▶ **Task input**:
▬▬▬▬▬▬▬▬▬▬

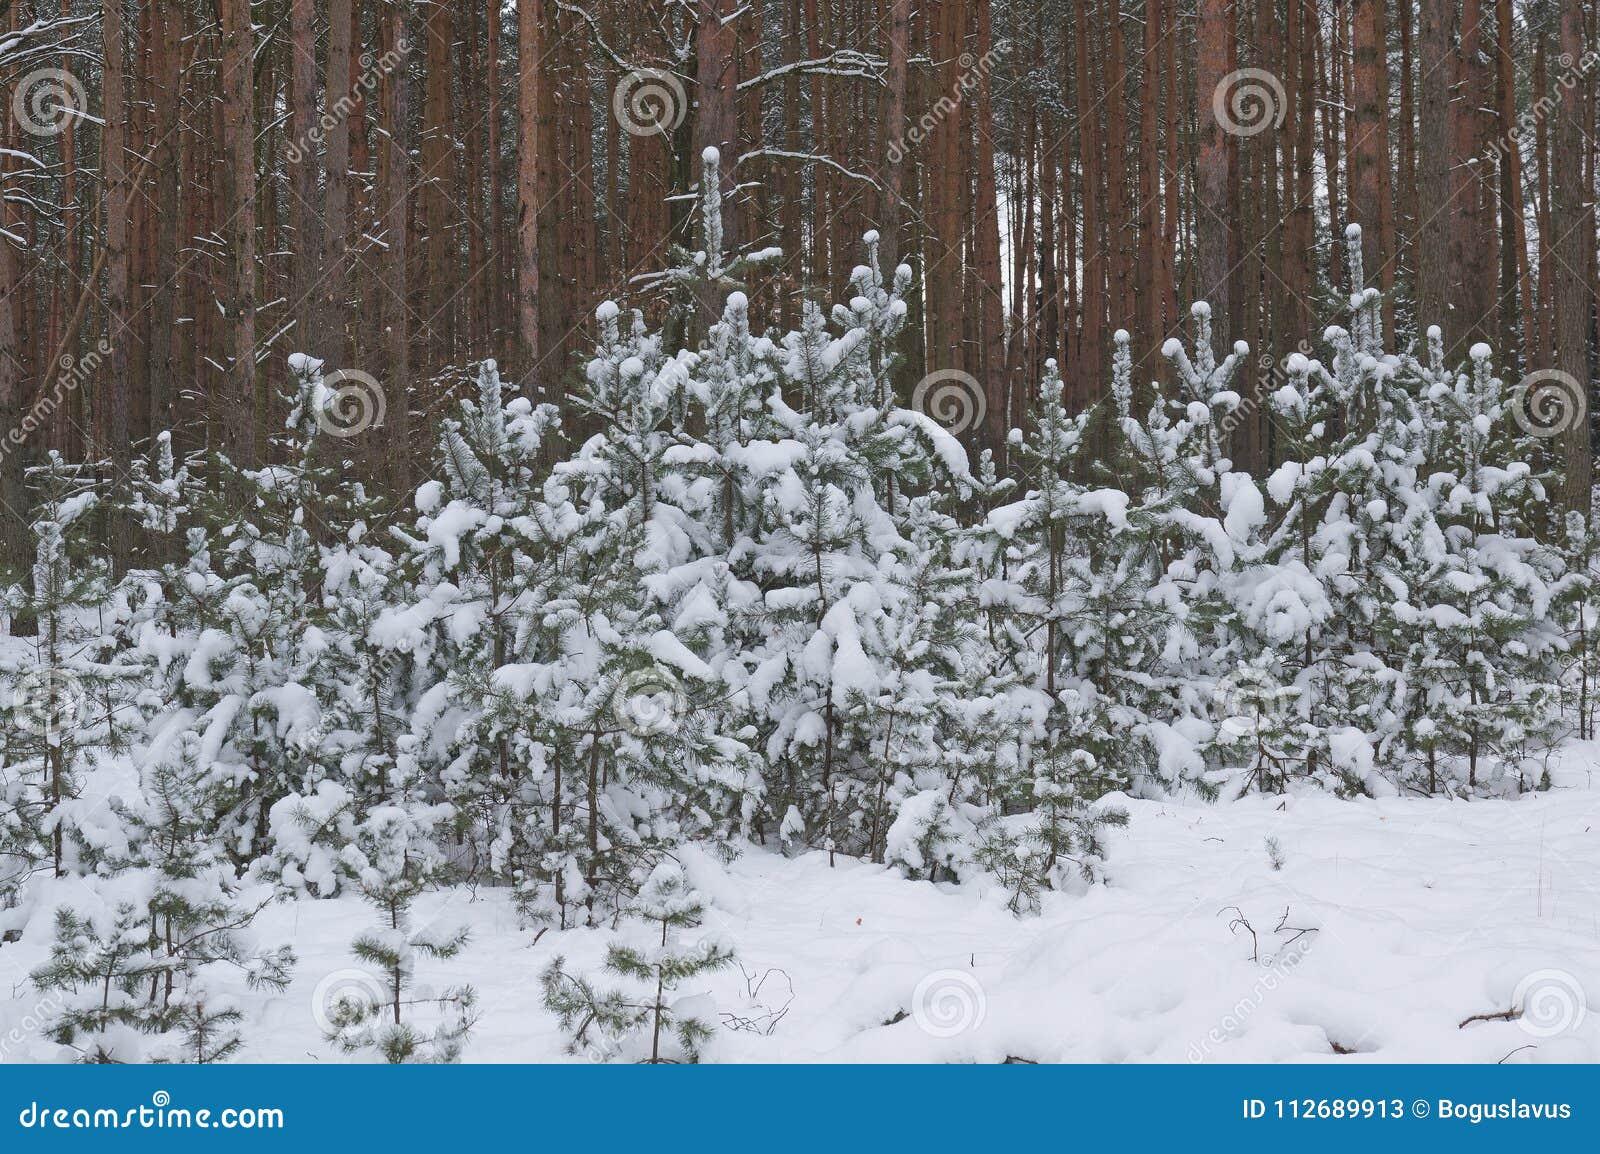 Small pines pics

▬▬▬▬▬▬▬▬▬▬

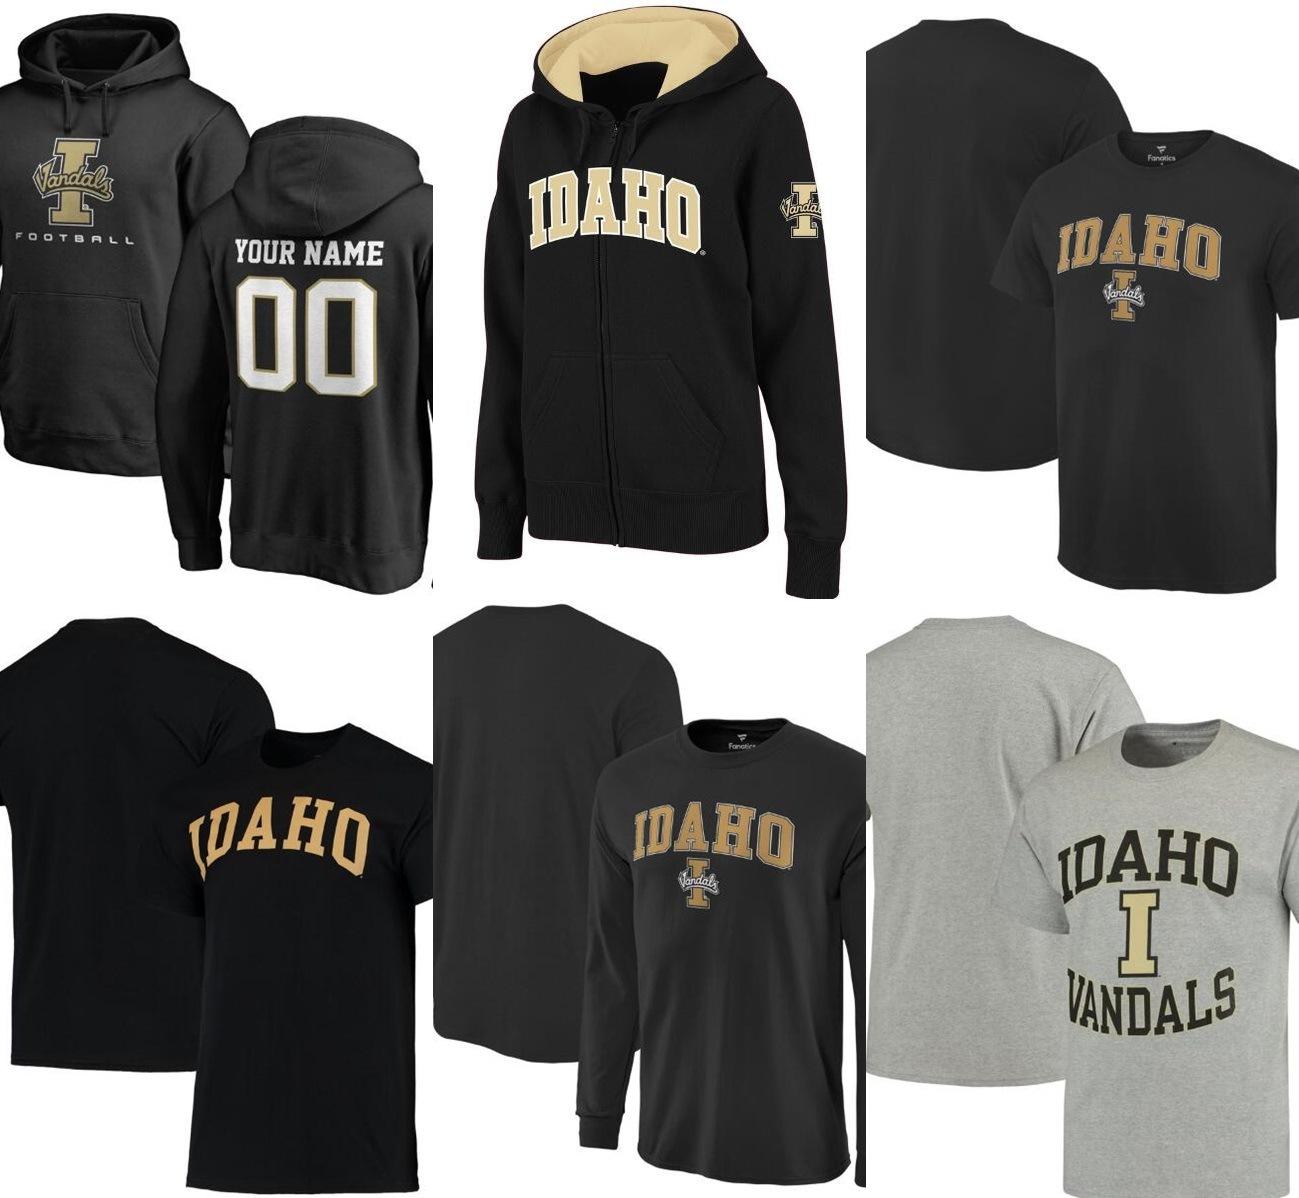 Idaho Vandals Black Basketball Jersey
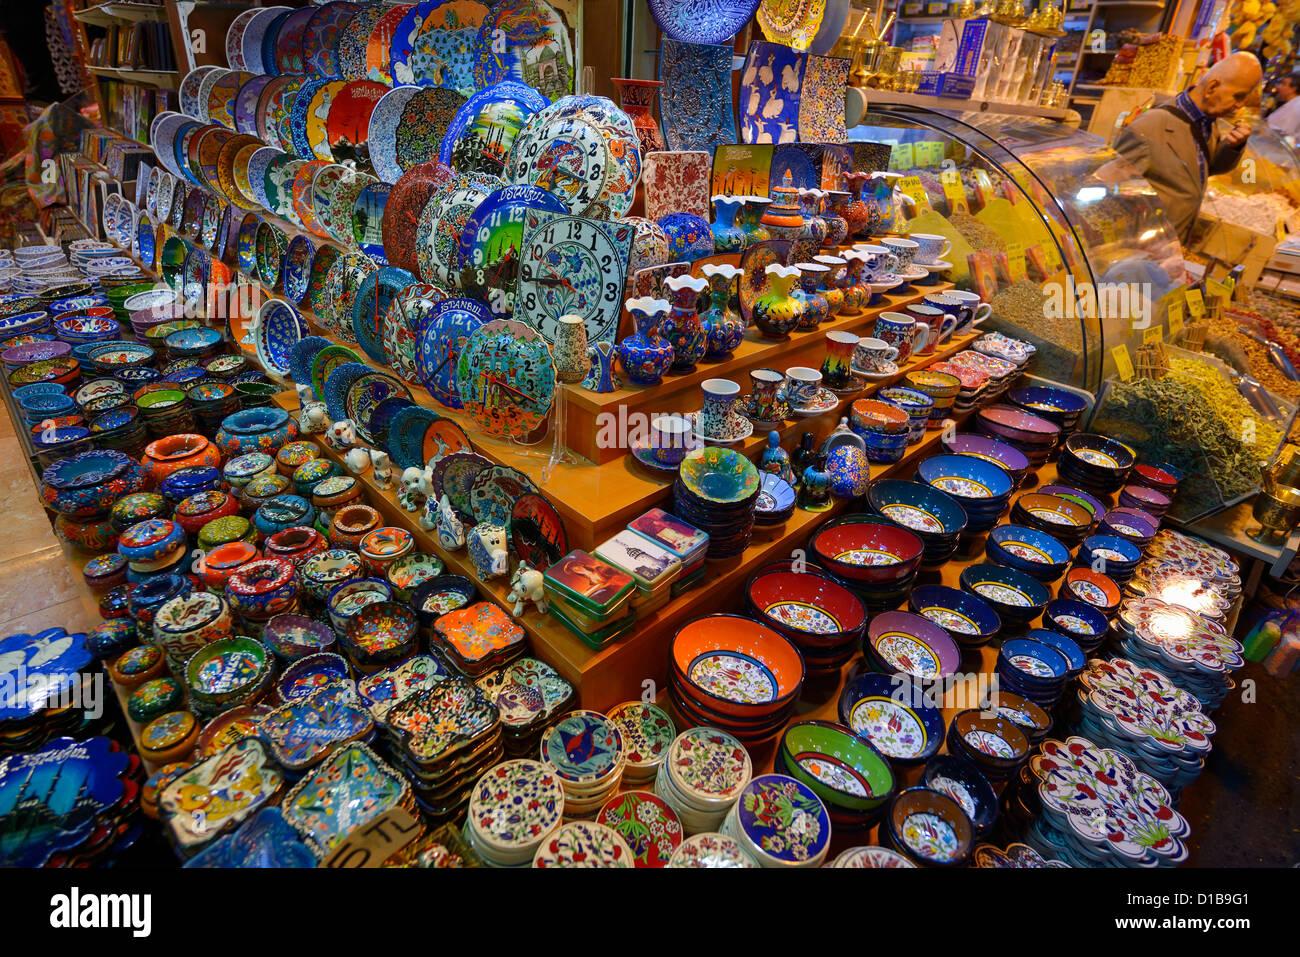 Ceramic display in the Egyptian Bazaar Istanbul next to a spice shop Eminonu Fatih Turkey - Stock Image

▬▬▬▬▬▬▬▬▬▬

▶ **Required action**:
From the records above, quote word for word only the lines beginning at the line that has "Idaho Vandals Black Basketball Jersey" and stopping after the line that has "Ceramic display in". Omit the pictures.

▶ **Expected output**:
 Idaho Vandals Black Basketball Jersey
 Ceramic display in the Egyptian Bazaar Istanbul next to a spice shop Eminonu Fatih Turkey - Stock Image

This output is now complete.